* [Records to use]
------------

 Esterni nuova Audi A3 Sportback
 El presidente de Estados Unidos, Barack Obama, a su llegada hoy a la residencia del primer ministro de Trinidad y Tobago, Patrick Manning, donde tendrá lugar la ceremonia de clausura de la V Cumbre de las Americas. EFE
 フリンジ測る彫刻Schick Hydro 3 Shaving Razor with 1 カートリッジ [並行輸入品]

------------

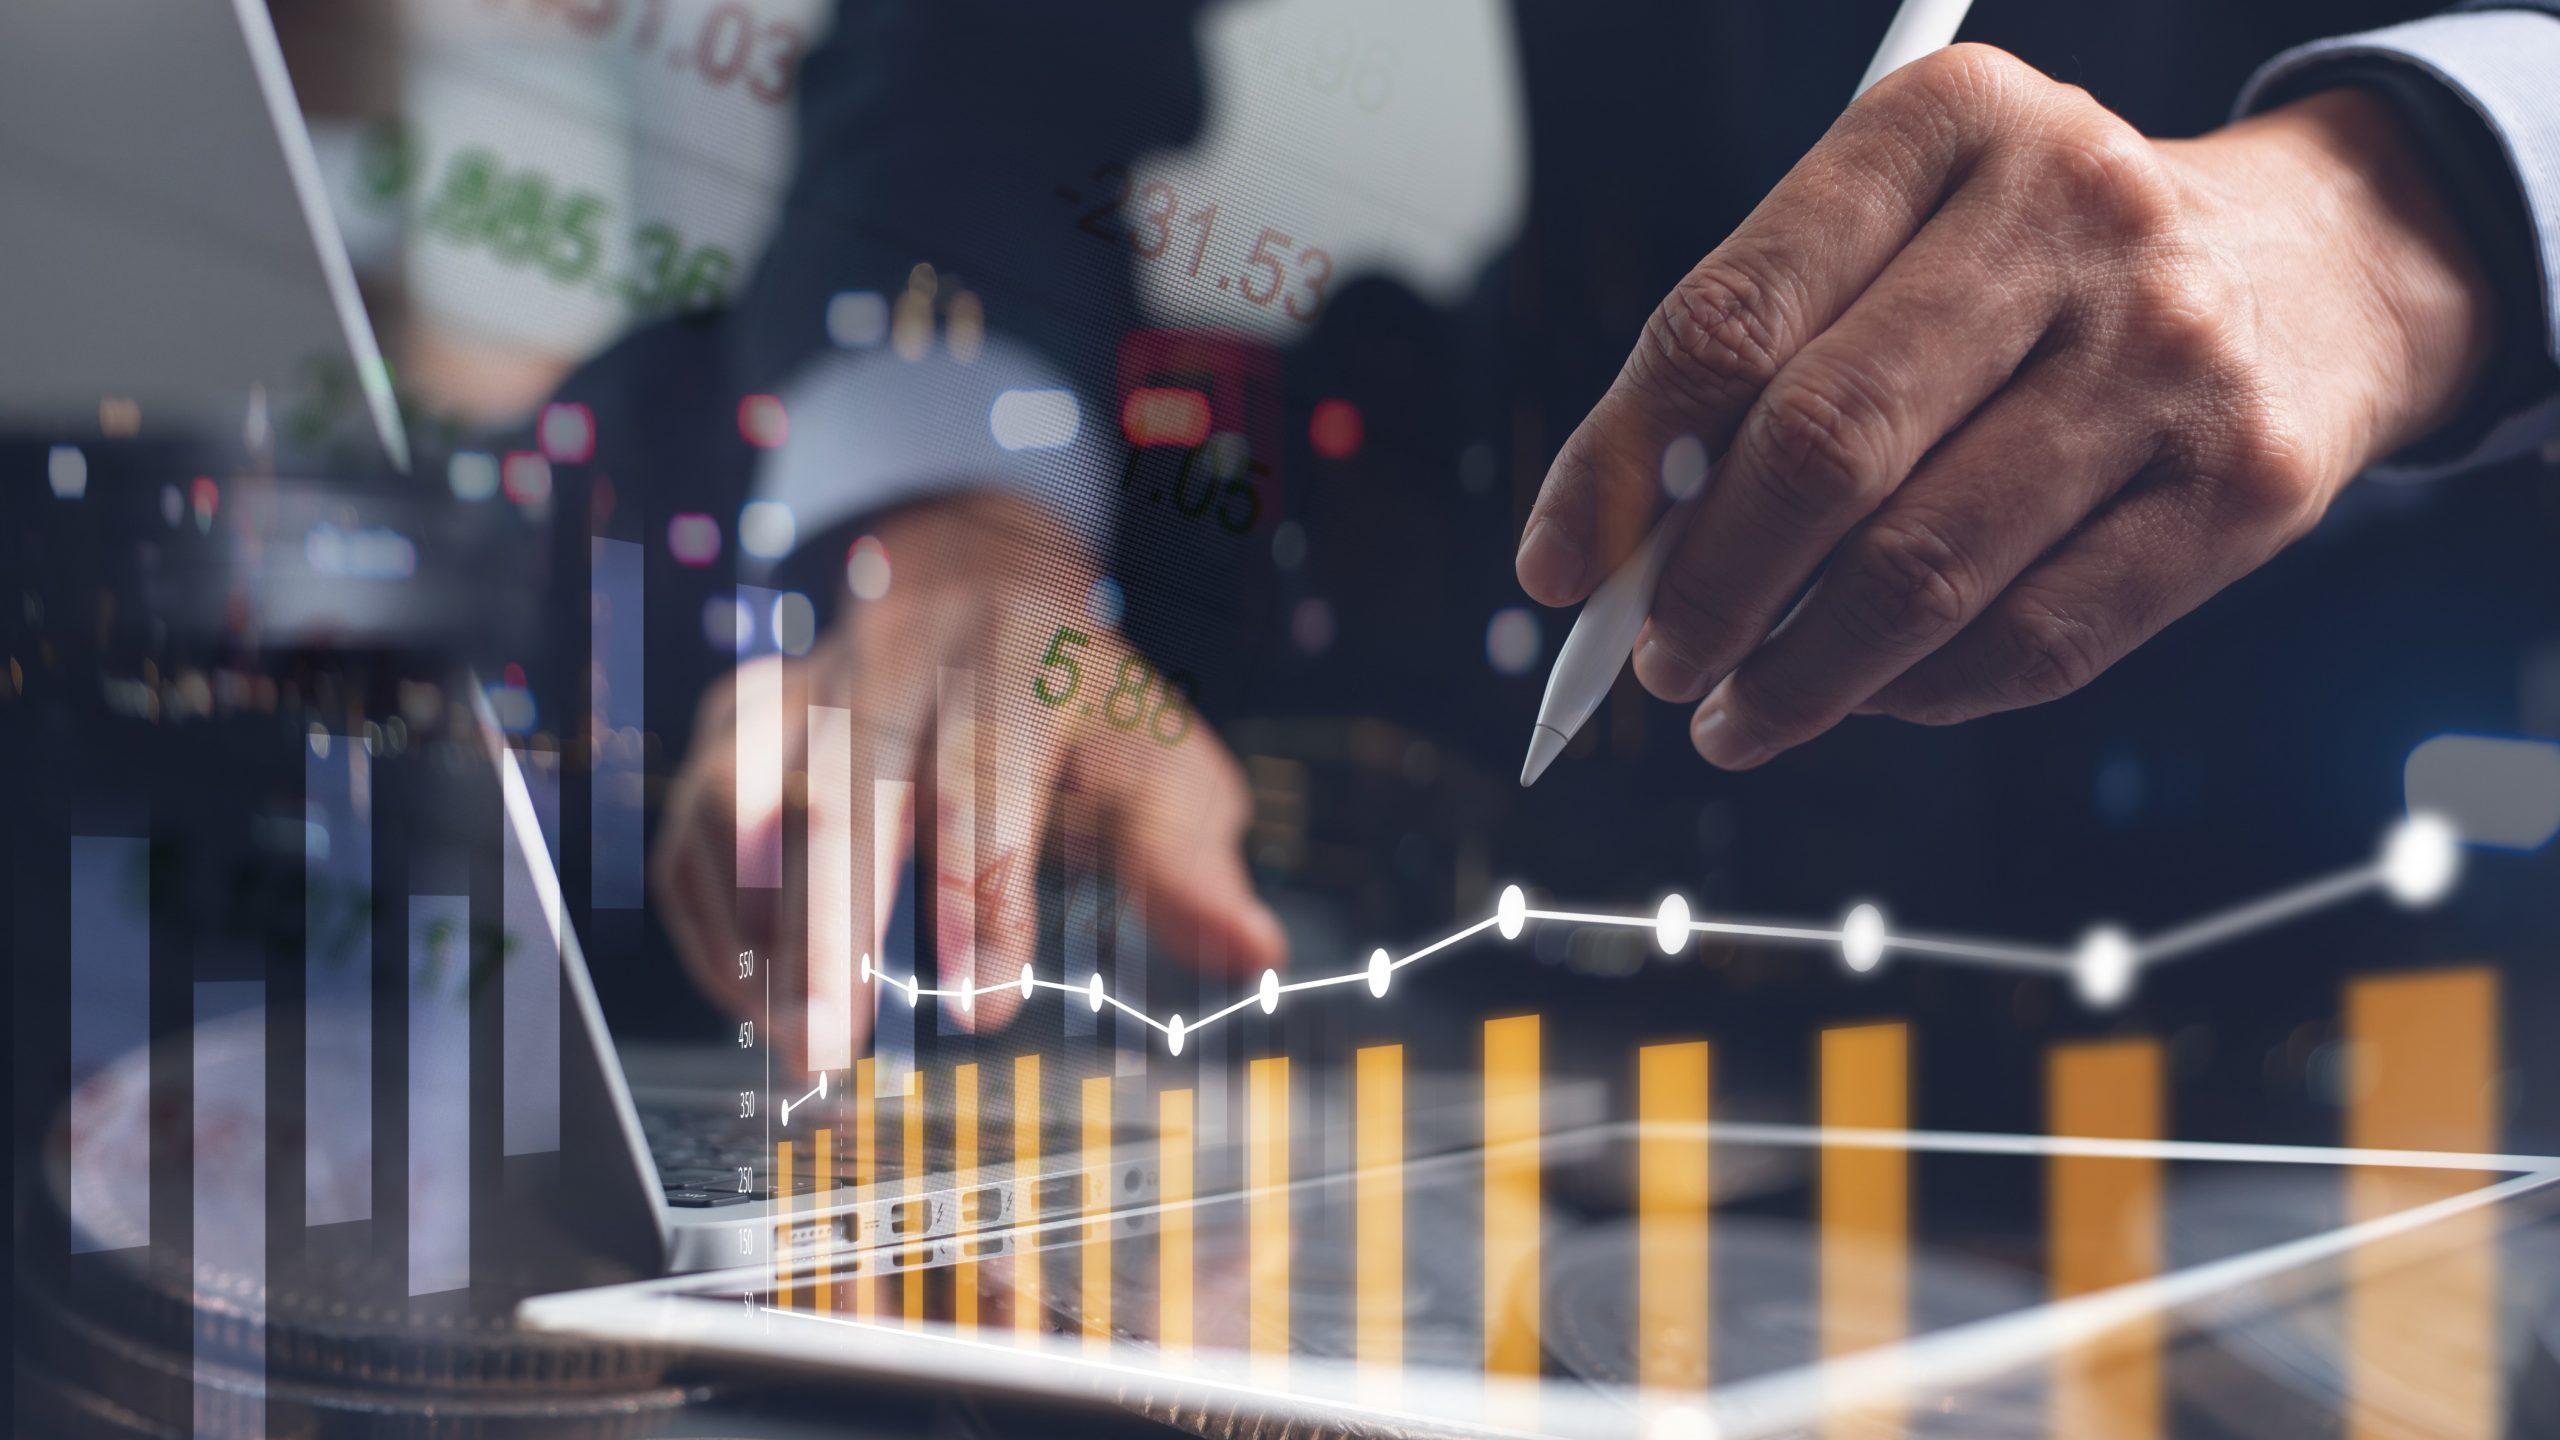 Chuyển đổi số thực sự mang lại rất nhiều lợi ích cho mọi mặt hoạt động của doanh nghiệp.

------------

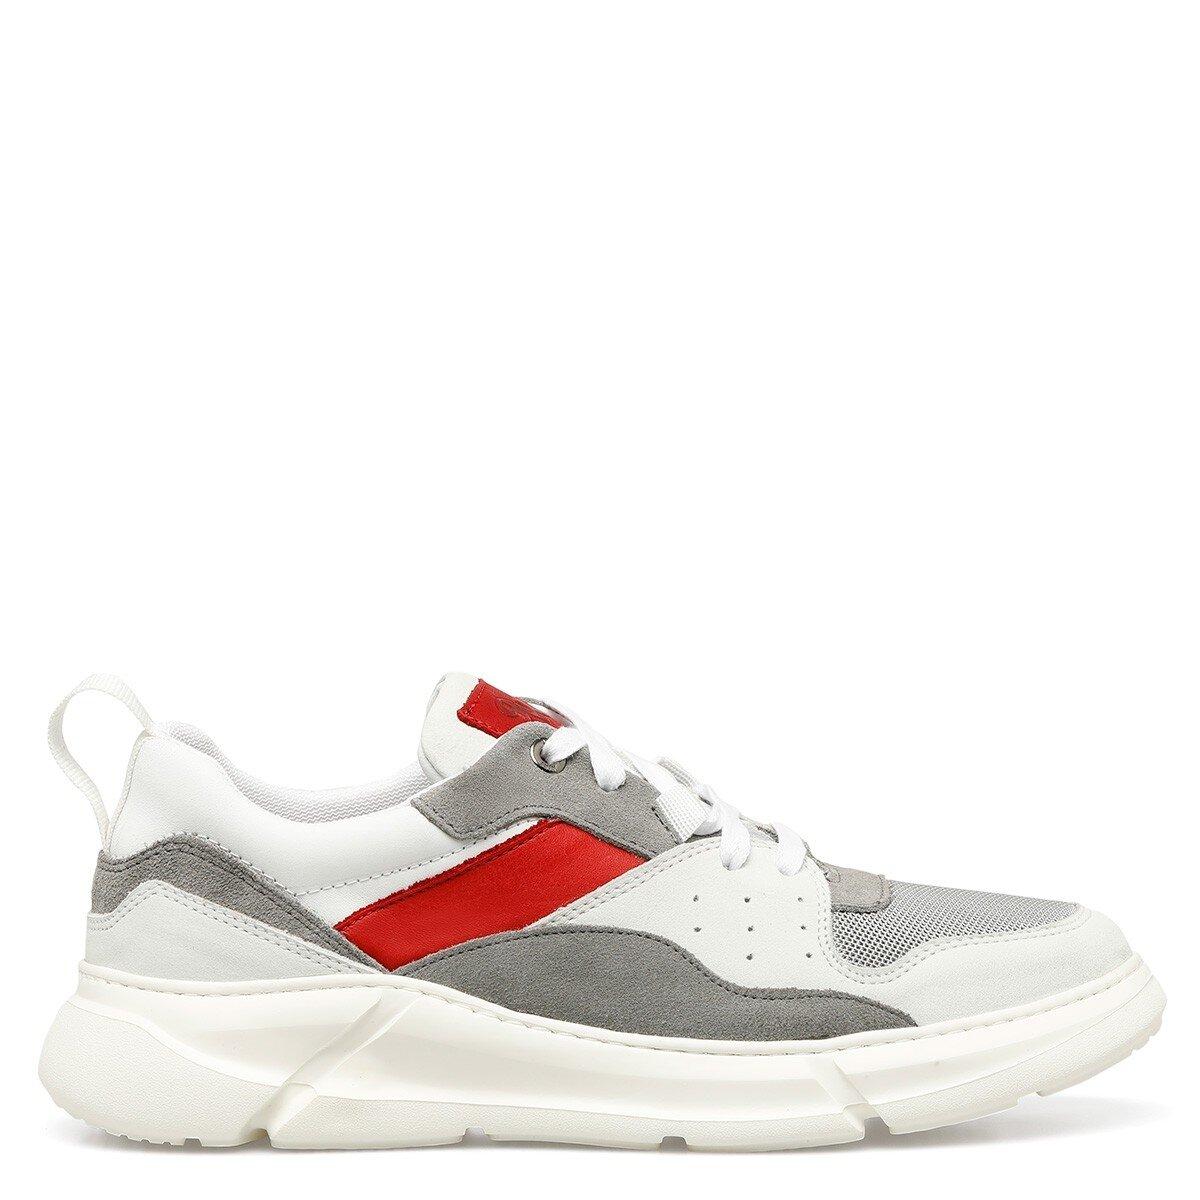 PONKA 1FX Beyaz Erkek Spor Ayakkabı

------------

* [Work to complete] Output should match, line for line, the stretch of the material above from the line holding "El presidente de" through the line holding "フリンジ測る彫刻Schick Hydro 3".

* [Response below]
 El presidente de Estados Unidos, Barack Obama, a su llegada hoy a la residencia del primer ministro de Trinidad y Tobago, Patrick Manning, donde tendrá lugar la ceremonia de clausura de la V Cumbre de las Americas. EFE
 フリンジ測る彫刻Schick Hydro 3 Shaving Razor with 1 カートリッジ [並行輸入品]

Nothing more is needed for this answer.